If you recall the explanation of the nature of these sequences from the Introduction section, this figure will make much more sense. We had two types of Pelagibacter that differ from each other by two nucleotides. Entropy analysis shows, along with all the random sequencing errors down below, these two nucleotide positions are the ones that offer the most relevant information to separate these reads from each other. This means, if we use only nucleotides from these two positions, instead of using the entirety of our reads, we can generate distribution profiles for different types.

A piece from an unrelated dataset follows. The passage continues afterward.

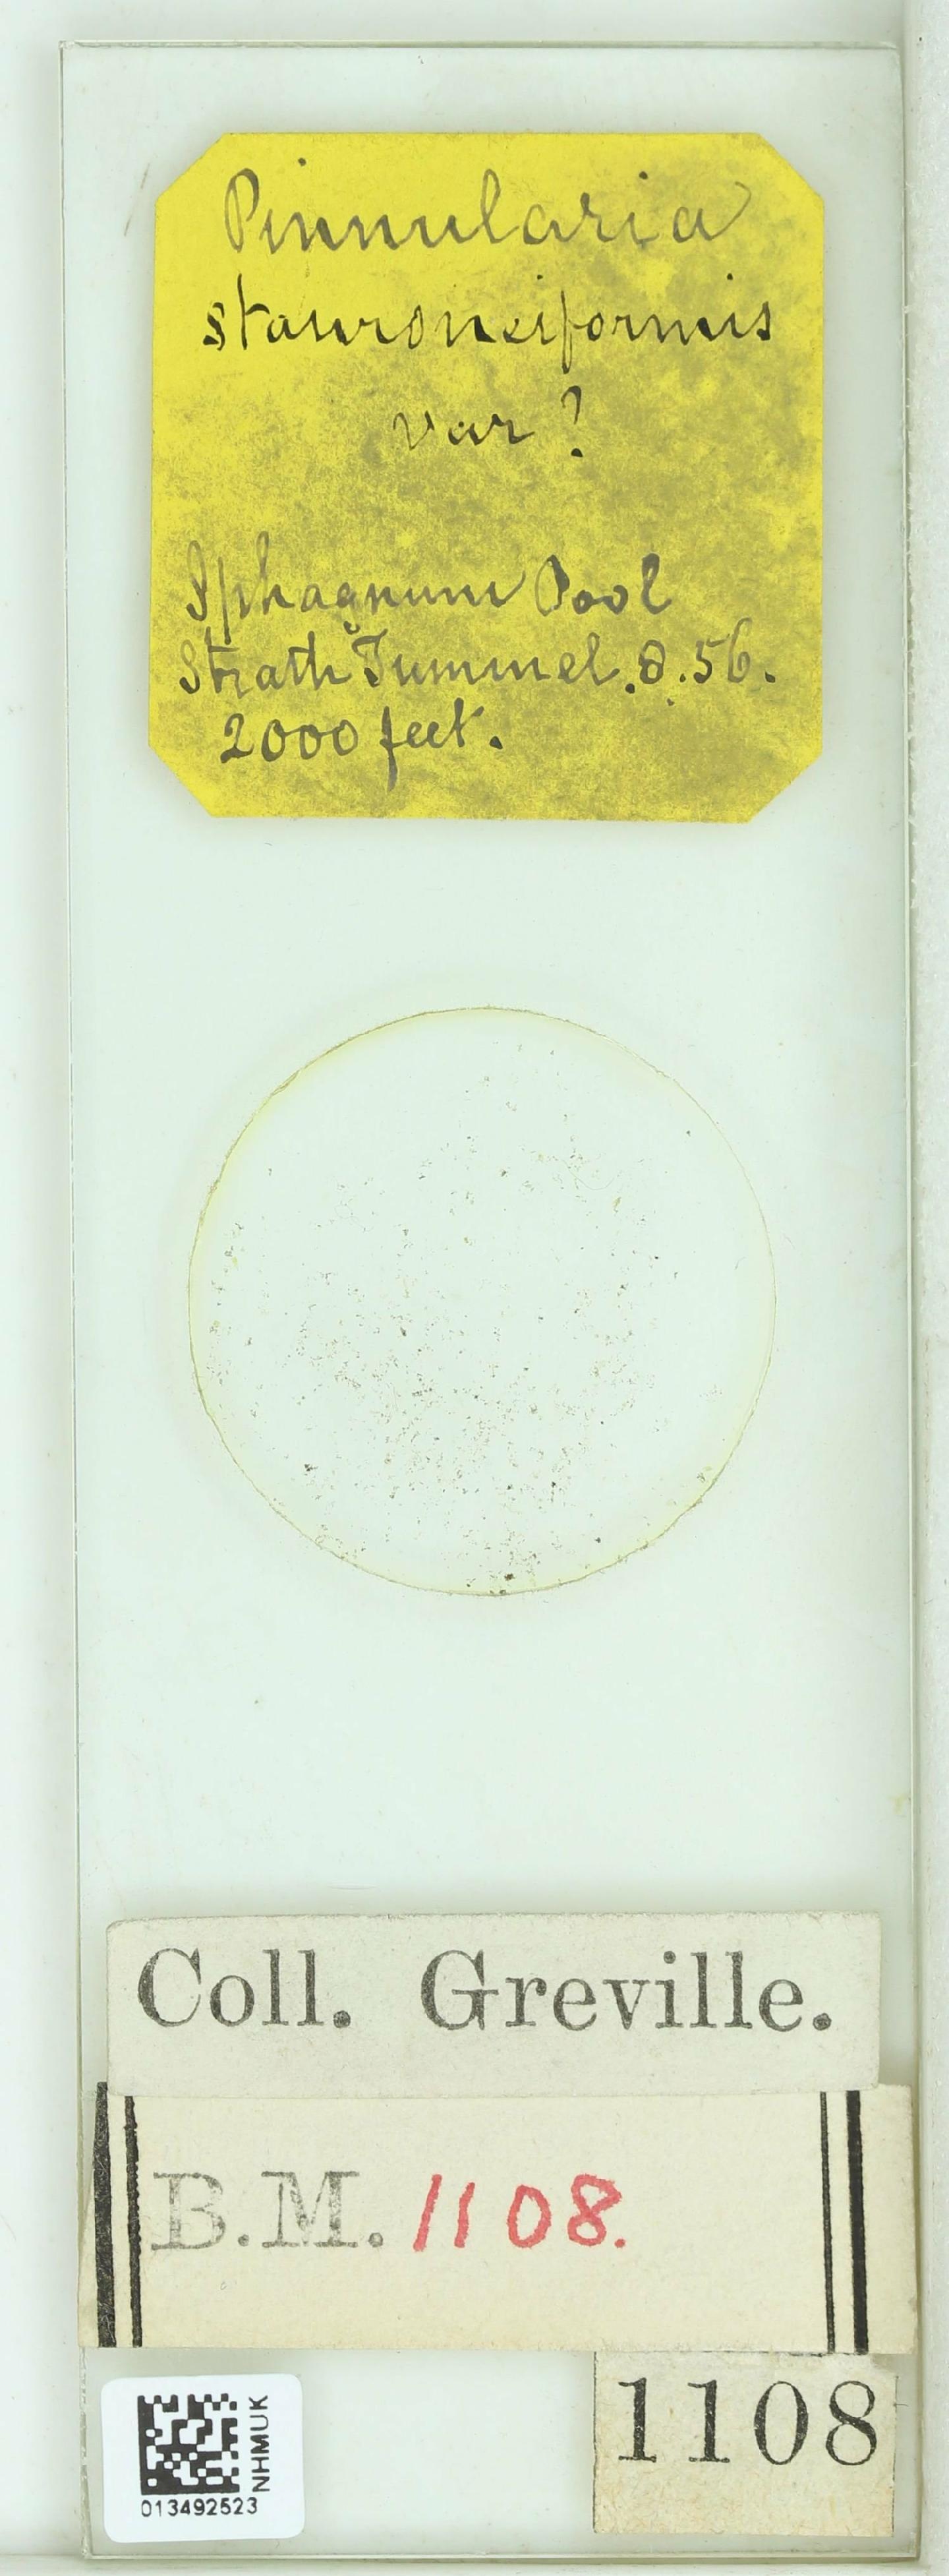 To NHMUK collection (Pinnularia stauroneiformis W.Sm.; NHMUK:ecatalogue:4732021)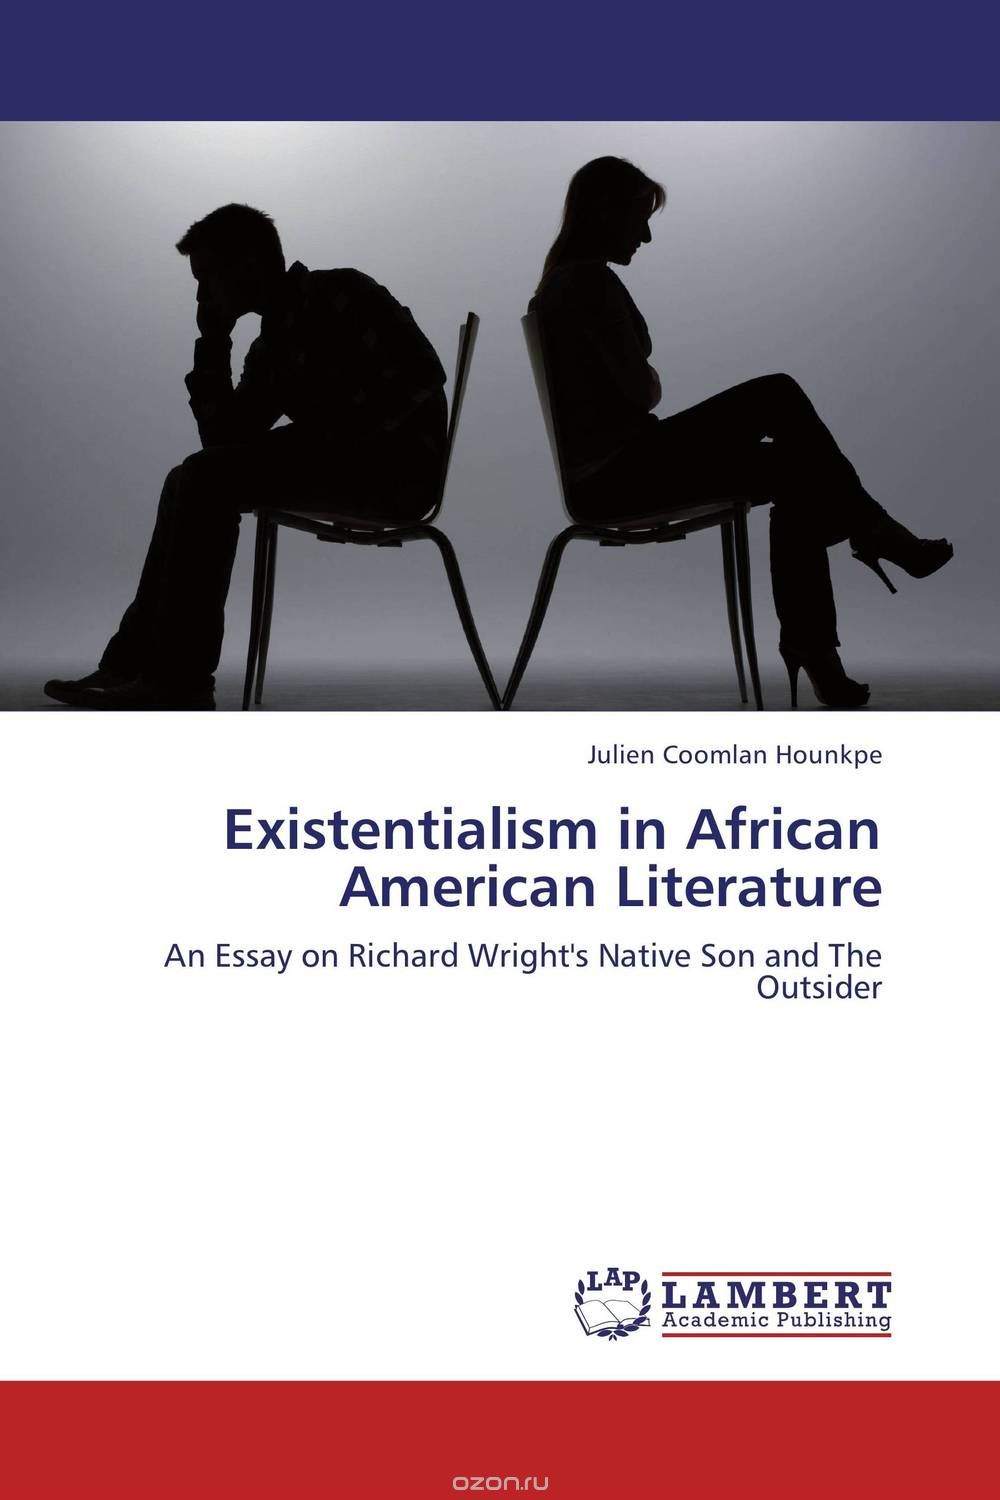 Скачать книгу "Existentialism in African American Literature"

From the figure, it is easy to say that there are two nucleotide positions in this alignment that show high variation. Then, we can assume that using the top two components for oligotyping analysis will be sufficient to decompose those different types from each other. Even though usually it is not this clear cut, real world data present similar stories. Obviously the number of entropy peaks and their volume changes depending on the taxonomic depth you have used to isolate your ‘closely related taxa‘ at the beginning of the analysis. For instance, the following figure shows a real-world case where ~65K pyrotag reads from V3-V5 amplicons that were classified as Gardnerella vaginalis with 99+% identity to a group of known G. vaginalis sequences (click here for more information on G. vaginalis study, which was published recently):

The figure that shows the entropy distribution will be stored as a PNG file in the work directory.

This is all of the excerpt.